Primitive data types in muschema can be composed using functors. These take in multiple sub-schemas and construct new schemas.

2.3.1 struct

A struct is a collection of subtypes. Structs are constructed by passing in a dictionary of schemas. Struct schemas may be nested as follows:

const { MuFloat64 } = require('muschema/float64')
const { MuStruct } = require('muschema/struct')

const Vec2 = new MuStruct({
    x: new MuFloat64(0),
    y: new MuFloat64(0),
})
const Particle = new MuStruct({
    position: Vec2,
    velocity: Vec2
})

const p = Particle.alloc()
p.position.x = 10
p.position.y = 10

// Particle.free recursively calls Vec2.free
Particle.free(p)

2.3.2 array

const { MuStruct } = require('muschema/struct')
const { MuArray } = require('muschema/array')
const { MuUint32 } = require('muschema/uint32')

const SlotSchema = new MuStruct({
    item_id: new MuUint32()
    amount: new MuUint32()
})
const InventorySchema = new MuArray(SlotSchema, identity)

InventorySchema.identity    // defaults to [] if not specified
InventorySchema.muType      // 'array'
InventorySchema.muData      // SlotSchema

const backpack = InventorySchema.alloc()    // always []
InventorySchema.free(backpack)              // pools `backpack` and all its members
InventorySchema.clone(backpack)             // returns a deep copy of `backpack`

2.3.3 sorted array

const { MuStruct } = require('muschema/struct')
const { MuSortedArray } = require('muschema/sorted')
const { MuUint8 } = require('muschema/uint8')

function compare (a, b) {
    if (a.rank < b.rank) {
        return -1
    } else if (a.rank > b.rank) {
        return 1
    }

    if (a.suit < b.suit) {
        return -1
    } else if (a.suit > b.suit) {
        return 1
    } else {
        return 0
    }
}

const CardSchema = new MuStruct({
    suit: new MuUint8(),
    rank: new MuUint8(),
})
const DeckSchema = new MuSortedArray(CardSchema, compare, identity)

DeckSchema.identity     // defaults to []
                        // if identity specified, will be a sorted copy of it
DeckSchema.muType       // 'sorted-set'
DeckSchema.muData       // CardSchema
DeckSchema.compare      // reference to the compare function

const deck = DeckSchema.alloc() // always []
DeckSchema.free(deck)           // pools `deck` and all its members
DeckSchema.clone(deck)          // returns a deep copy of `deck`

2.3.4 union

A discriminated union of several subtypes.
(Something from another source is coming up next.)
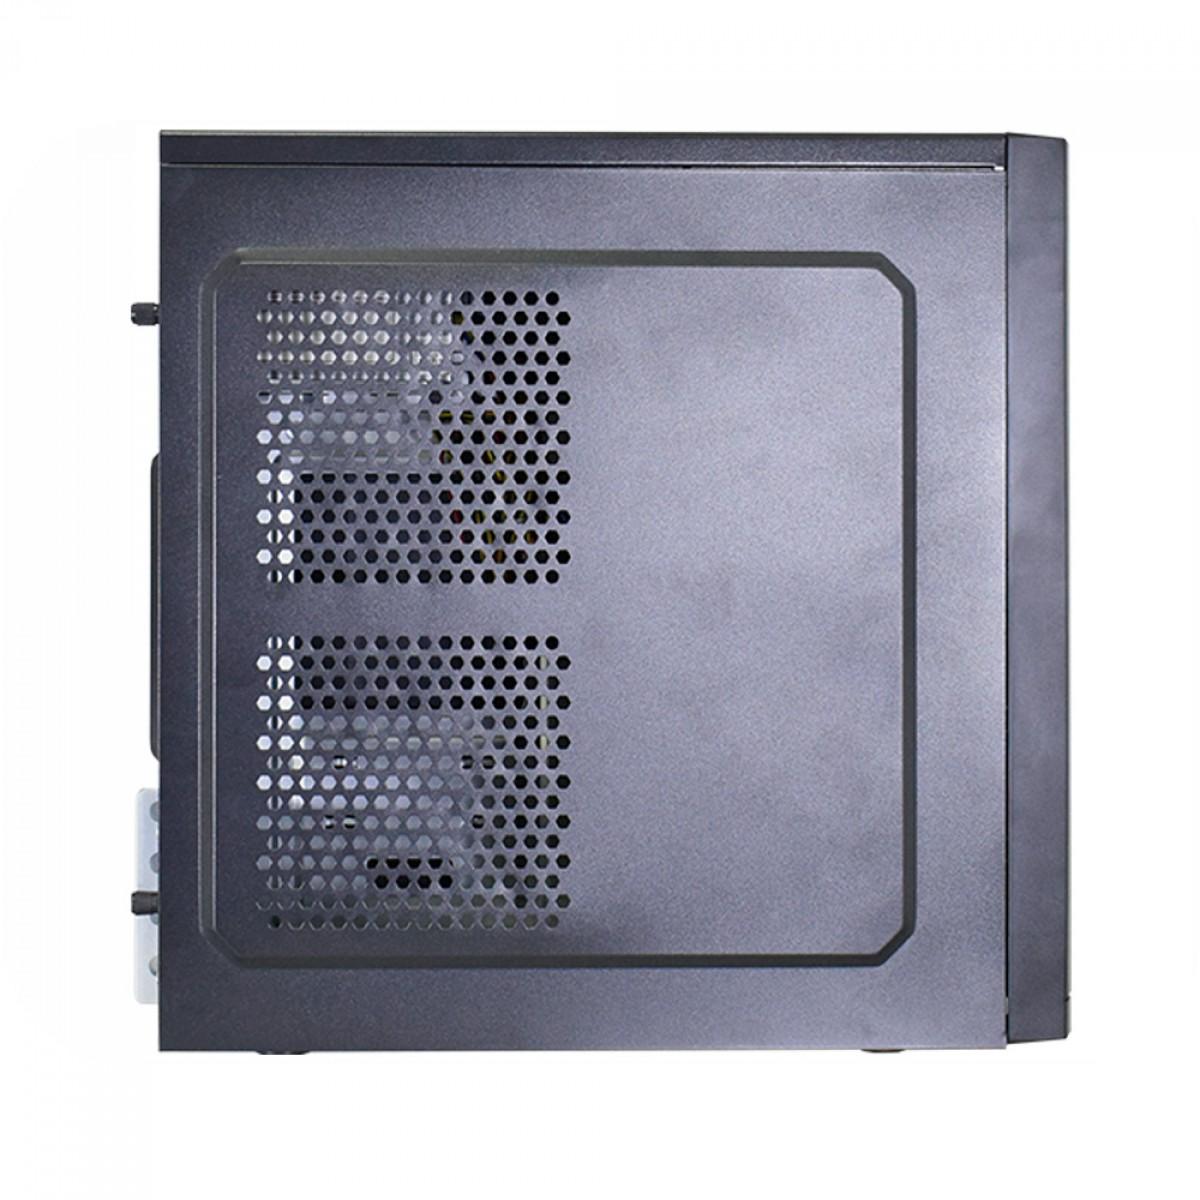 Computador T-home NTC Price 4142 Intel Core i3 9100 / 4GB / SSD 240GB

Each subtype must be given a label.

const { MuFloat64 } = require('muschema/float64')
const { MuString } = require('muschema/string')
const { MuUnion } = require('muschema/union')
const { MuWriteStream, MuReadStream } = require('mustreams')

const FloatOrString = new MuUnion({
    float: new MuFloat64('foo'),
    string: new MuString('bar'),
})

// create a new value
const x = FloatOrString.alloc()
x.type = 'float'
x.data = 1

// compute a delta and write it to stream
const out = new MuWriteStream(32)
FloatOrString.diff(FloatOrString.identity, x, out)

// apply a patch
const inp = new MuReadStream(out.buffer.uint32)
const y = FloatOrString.patch(FloatOrString.identity, inp)

2.4 data structures

2.4.1 dictionary

A dictionary is a labelled collection of values.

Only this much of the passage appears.